Official default values for CBAM are now available on the transitional registry. These are global average values for each CN (product) code.

Key things to note:

  1. Importers can use these defaults if suppliers don’t provide data until 31 July 2024 (i.e. for the first three reporting quarters)
  2. Suppliers can use default values for 100% of emissions until 31 July 2024 (same as importers) and long term if those default values make up less than 20% of emissions (in practice, this means using them for precursor goods when the installation makes complex goods)
  3. Other default values (i.e. not from the CBAM registry) can be used on the condition that the reporting declarant indicates and references the methodology followed for establishing such values
  4. The EU aims to set default values higher than the average actual values, in order to encourage the use of actual values in reporting

What are the fines and penalties in the EU CBAM?

During the transition period (until 1 January 2026), importers will face fines for not declaring emissions or for under-declaring emissions.

The exact fines are to be determined, but will be between 10-50 euros per tonne of carbon dioxide equivalent not declared or under-declared.

Until July 2024, importers can declare using default values, but after that, primary data will be needed (unless for up to 20% of precursor emissions where those are covered by CBAM), in order to avoid fines.

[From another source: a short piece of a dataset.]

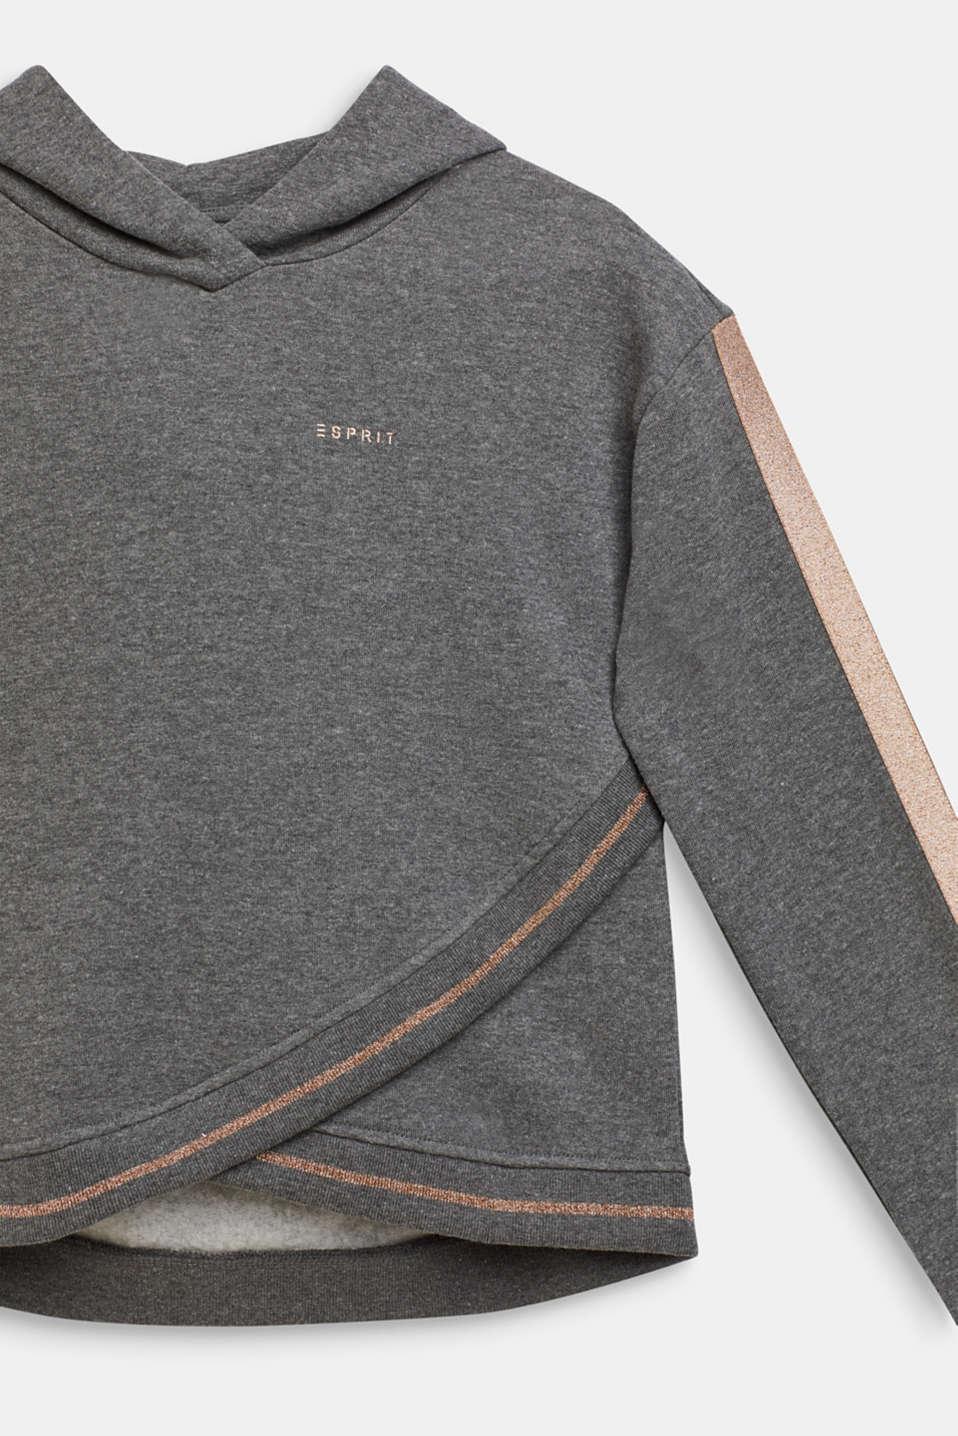 Sweatshirt fabric hoodie with glitter details, LCDARK HEATHER G, detail image number 2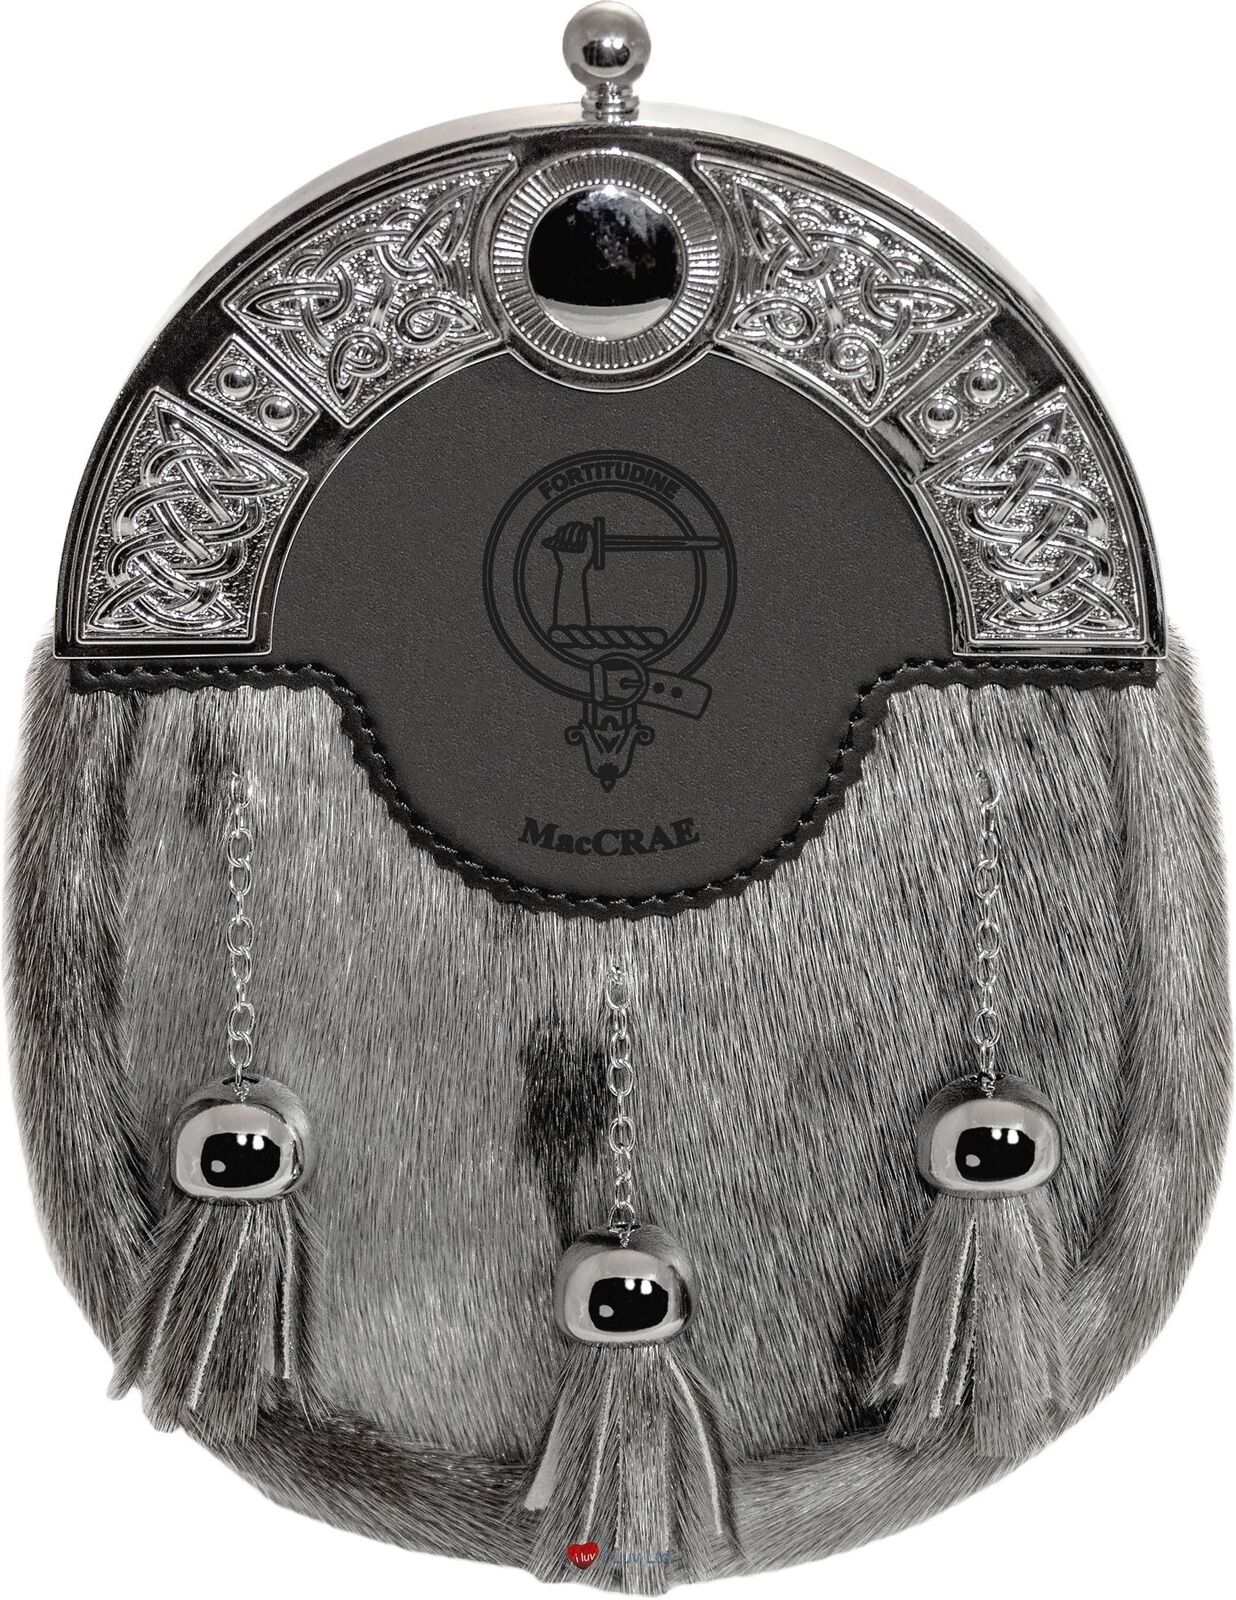 MacCrae Dress Sporran 3 Tassels Studded Celtic Arch Scottish Clan Crest

Are Scope 3 emissions included in the EU CBAM?

The EU CBAM does not use the categories of Scopes 1, 2 and 3. Therefore it can be misleading to talk about Scope 3 emissions being included in CBAM. However, certain emissions that fall under the Scope 3 category are included in specific ways.

CBAM classifies emissions as either direct emissions or indirect emissions, while traditional corporate carbon accounting classifies emissions by Scopes.

In CBAM, direct emissions refer to emissions from the facility’s own operations, while indirect emissions refer to the generation of electricity to produce goods in that facility (whether that electricity is generated on-site or off-site). 

💡 Note: under the ‘Scopes 1, 2 and 3’ framework, on-site generation of electricity is categorized as Scope 1 (direct) emissions, not Scope 2. This can be a source of confusion for companies who have already calculated emissions according to Scopes or who use ‘direct emissions’ synonymously with Scope 1.

For so-called complex goods, additional upstream emissions (outside of electricity generation) are also included under CBAM: specifically, emissions involved in the processing of raw materials that are used as inputs to make those complex goods.

Those emissions do fall under the Scope 3 category of standard carbon accounting. For example, in the case of steel sheets, the emissions of precursor goods like sinters and pellets need to be included in CBAM reporting, and are part of the steel sheet's Scope 3.

However, the category of Scope 3 emissions includes many more emissions sources than just the direct processing of precursor goods. Therefore, CBAM counts fewer emissions than a full Scope 3 accounting exercise would, even in the case of complex goods.